▶ WORK TO BE COMPLETED: Print the lines from the one containing "Weatherby Mark XXII Scope Box" through the end of the material below, both included, exactly as they appear and without pictures.

▶ RAW DATA:
:::

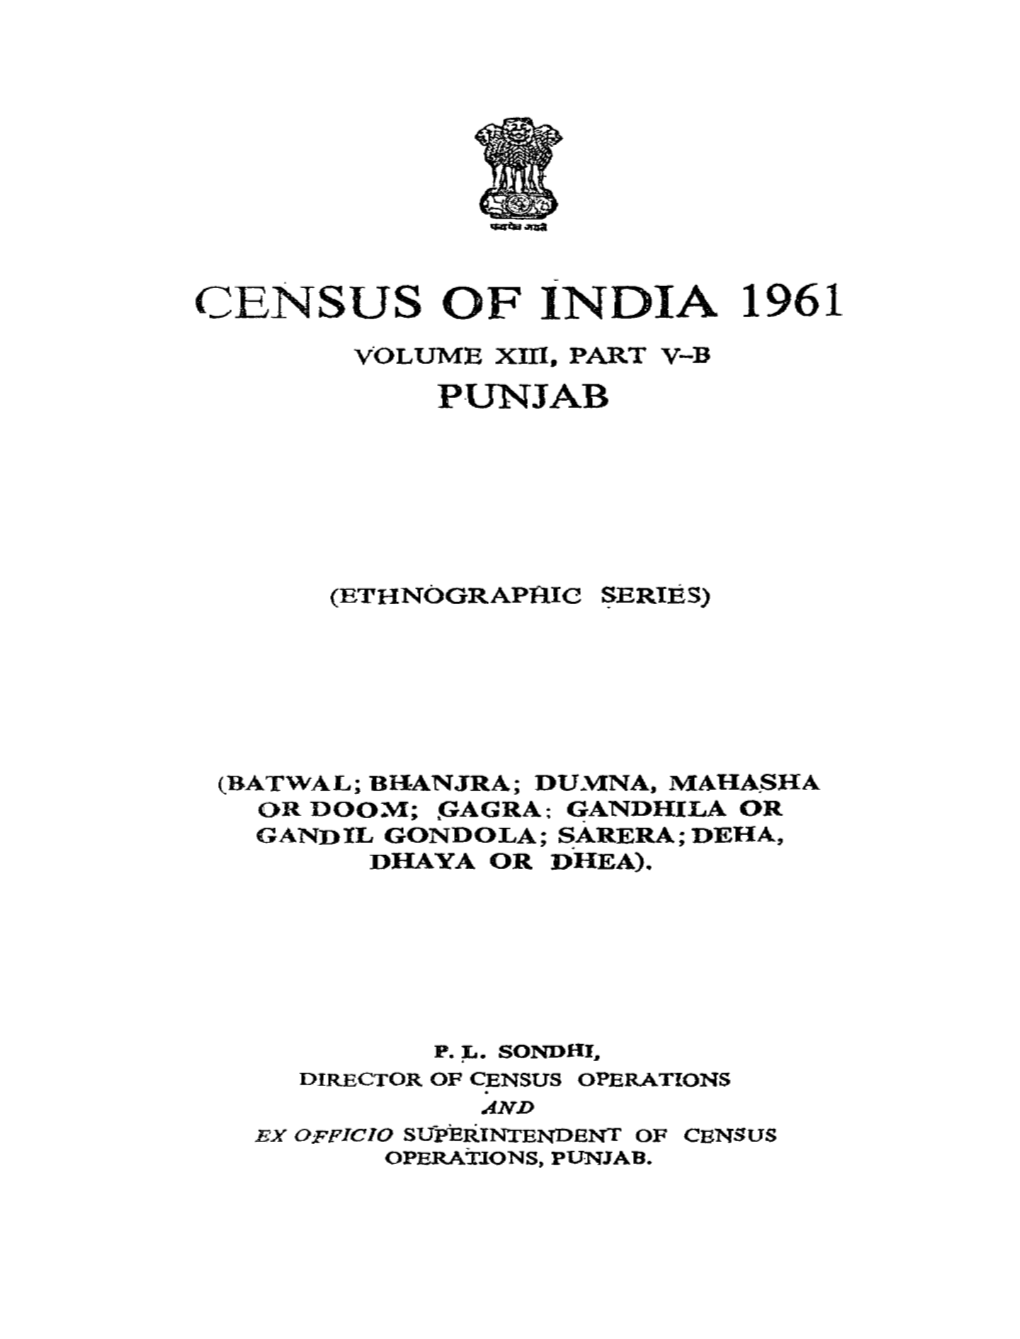 Ethnographic Series, Part-V-B, Vol-XIII, Punjab
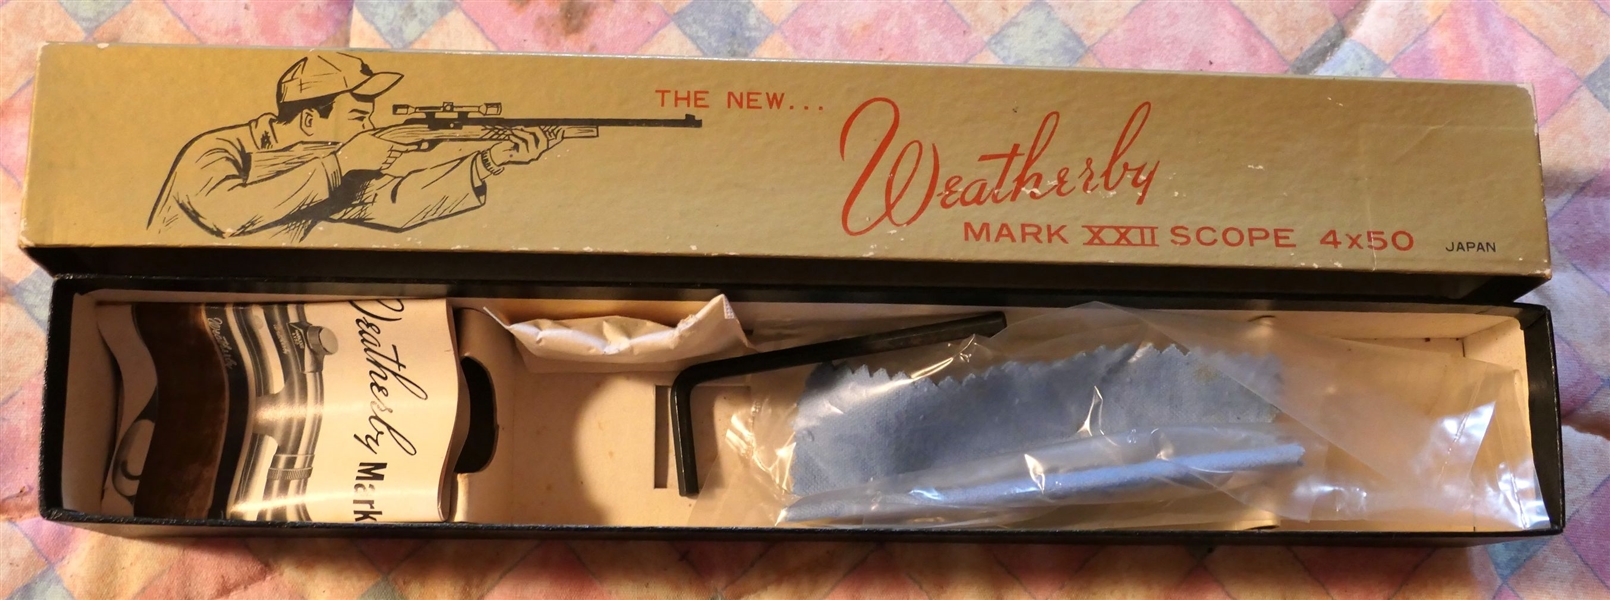 Weatherby Mark XXII Scope Box 
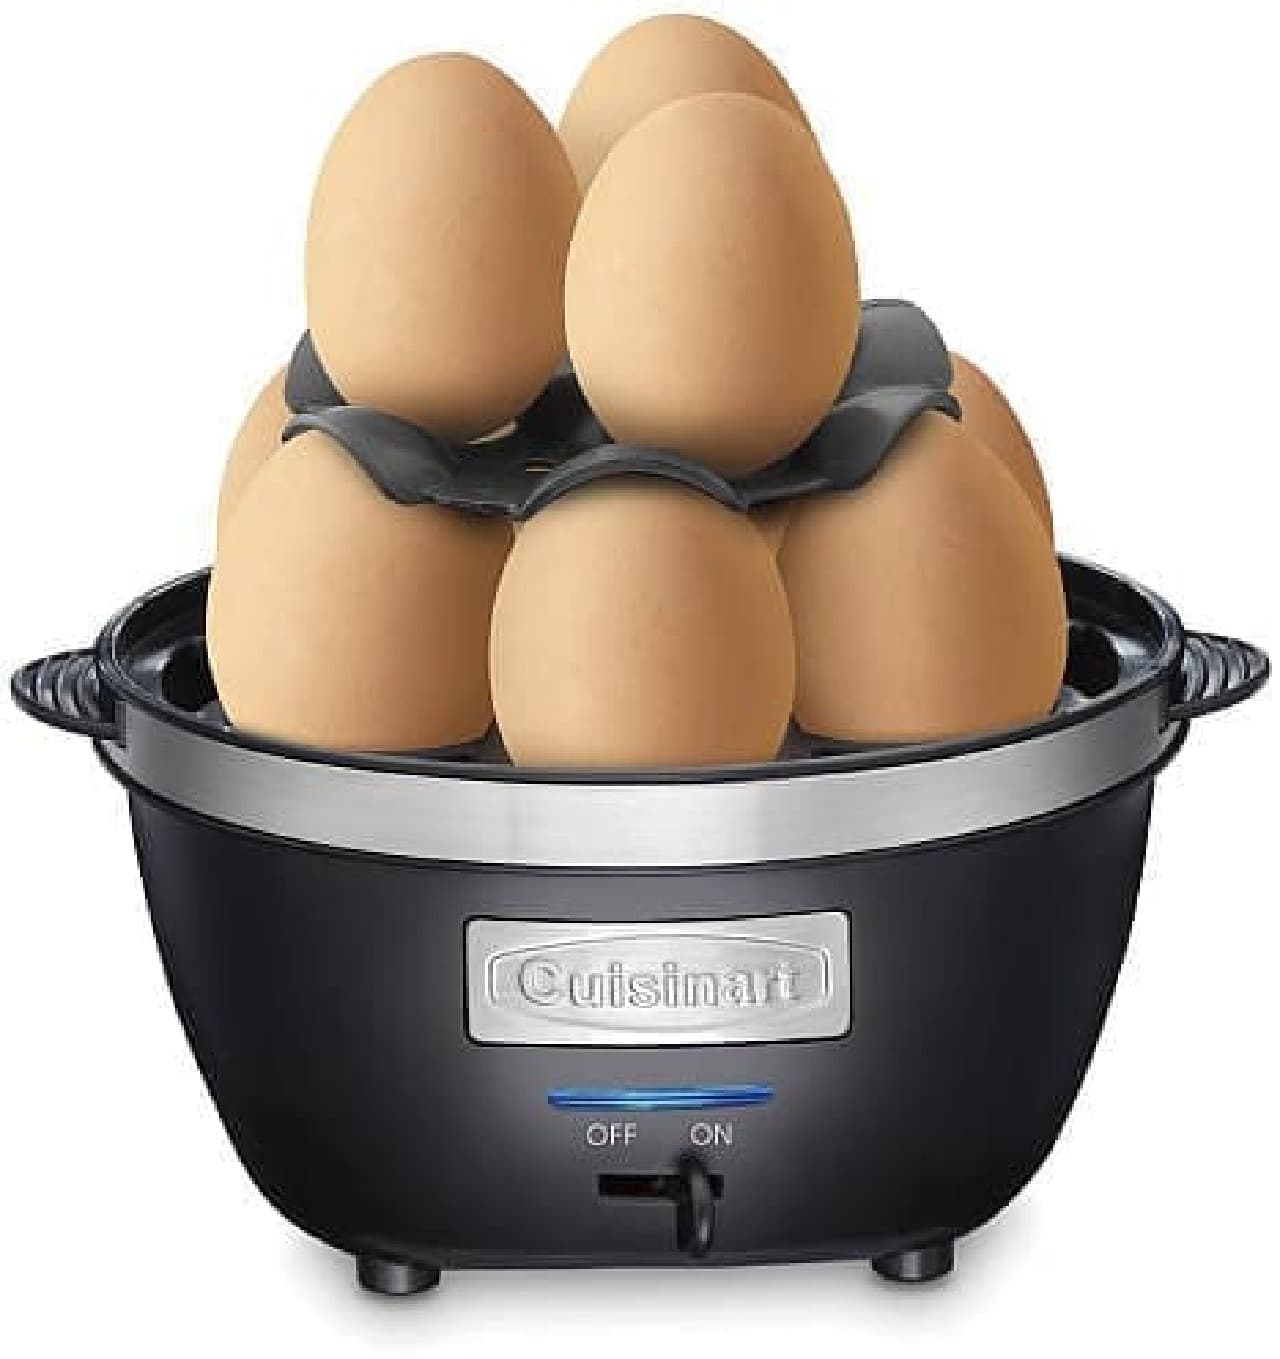 "CEC-10 Egg Central Egg Cooker" Boil 10 eggs at a time

:::

▶ TASK ANSWER:
 Weatherby Mark XXII Scope Box 
 "CEC-10 Egg Central Egg Cooker" Boil 10 eggs at a time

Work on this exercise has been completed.